The World Series has been over for almost two weeks. The boys of summer have all gone home, and with their departure comes the worst season of them all: winter.

There is some excitement to be had during the offseason, and it's mostly free agent-related speculation. With a lot of free-agency related questions floating around out there, and the GM Meetings kicking off today, I thought I would gather all the answers in one place.

What is free agency?
Free agency is the state of being free from contractual obligations, and able to sign with any team.

Who can be a free agent?
There are different kinds of free agents. Typically those we hear about the most are players who have at least six years of major league service. Players who have been in the league much longer but have reached the end of their contract, and players who have been released by their most recent team are also free agents.

What's the difference between that and international free agents?
Because the MLB draft only includes players from US high schools and colleges, any player who falls outside those institutions in any other part of the world is an international free agent, and can sign with any Major League franchise. International free agent signings usually take place in the summer, but can happen at any time.

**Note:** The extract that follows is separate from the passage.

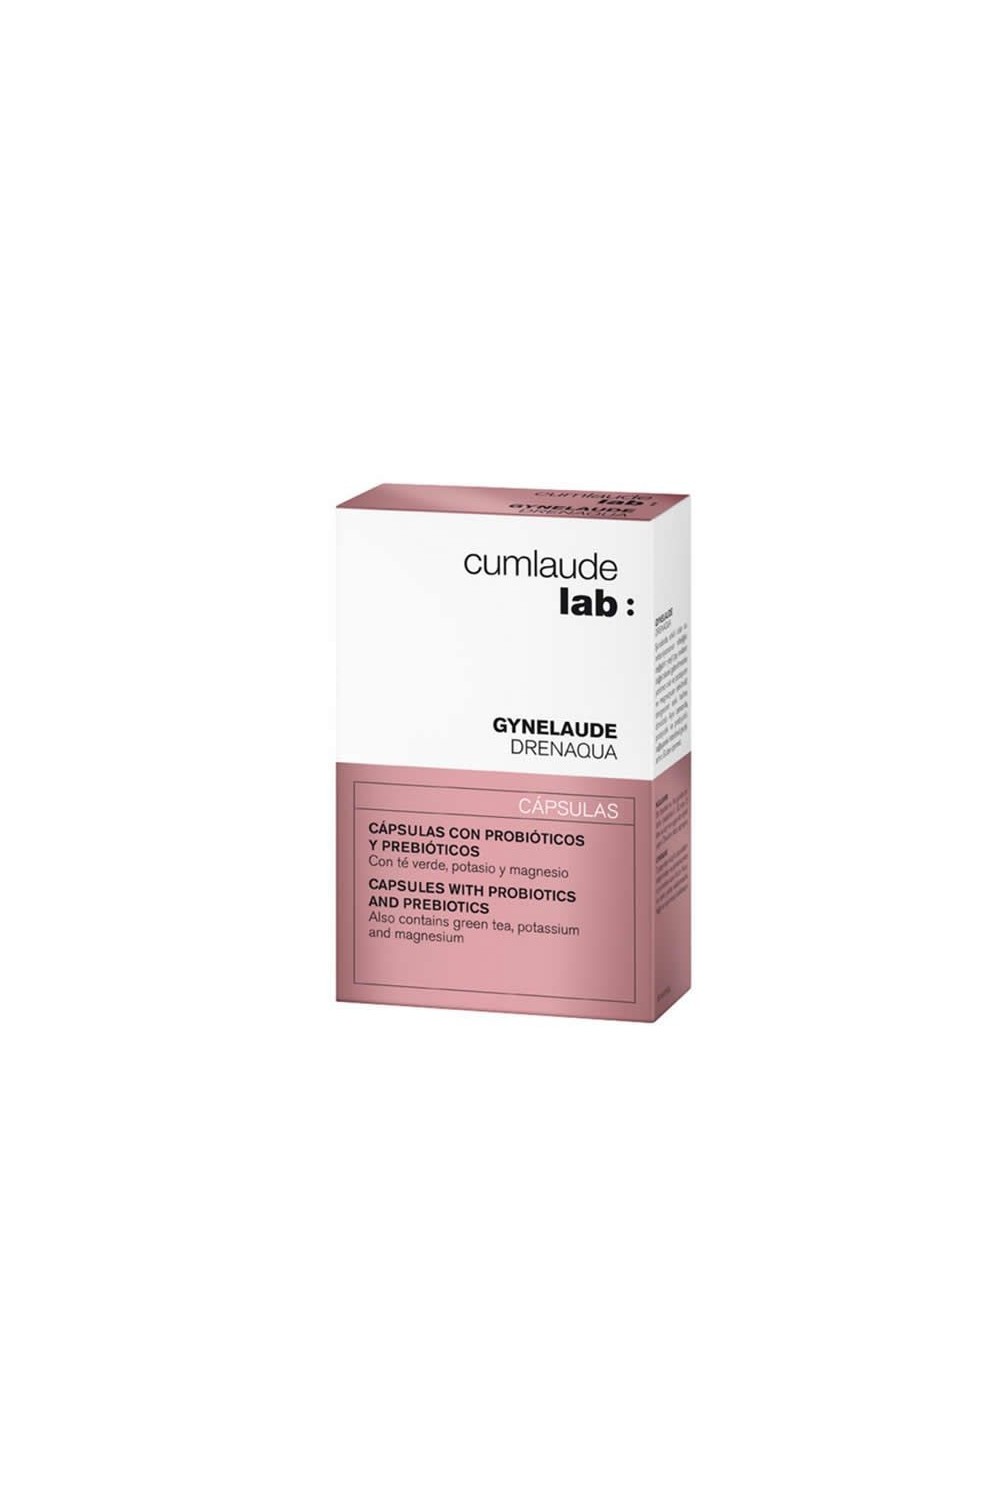 Cumlaude Drenaqua Caspsules With Probiotics And Prebiotics 30 Units

What's the difference between arbitration eligible and free agency?
To be arbitration eligible, players must have between three and five years of service time. At the end of the season, their team must either offer them a contract for the following season, or allow them to become free agents. Once a deal has been offered, the player can accept, or make a counter offer. If the team and player cannot come to an agreement, a salary arbiter will decide which contract the player deserves. The arbiter can either select the team's offer, or the player's counter offer, but cannot compromise between the two.

What's the deal with "compensation"?
Until last offseason, free agents were classified as Type A, Type B, or unclassified, based on rankings from the Elias Sports Bureau. If a team offered a contract to a Type A free agent, and that player signed with another team, the original team was due the top draft pick from the signing team, as well as a supplementary draft pick between the first and second rounds. The arrangement for Type B free agents was similar, though teams got supplementary picks.

The 2011 collective bargaining agreement amended that process. Now, teams can get compensation for their departing free agents only if they offer those free agents a contract worth at least the average of the 125 richest contracts in baseball.

What's the time frame for signing free agents?
Today was the last day for free agents to accept offers from their 2013 teams - if they do not accept qualifying offers, they can still negotiate and/or sign with that team, but other teams are not allowed to make offers. Free agents can now sign with any team at any time. Arbitration hearings aren't until January, though many teams come to terms with their arbitration eligible players before then.

Where can I find out more?
The internet is full of information! Here are a few good sites. Just make sure you get information from sites updated after the 2011 collective bargaining agreement. If you want a more in depth look at the history of free agency, I highly recommend The Way It Is, by Curt Flood, who took the fight for free agency (unsuccessfully) to the Supreme Court, and Catfish: My Life in Baseball, by Catfish Hunter, the first player to be granted free agency.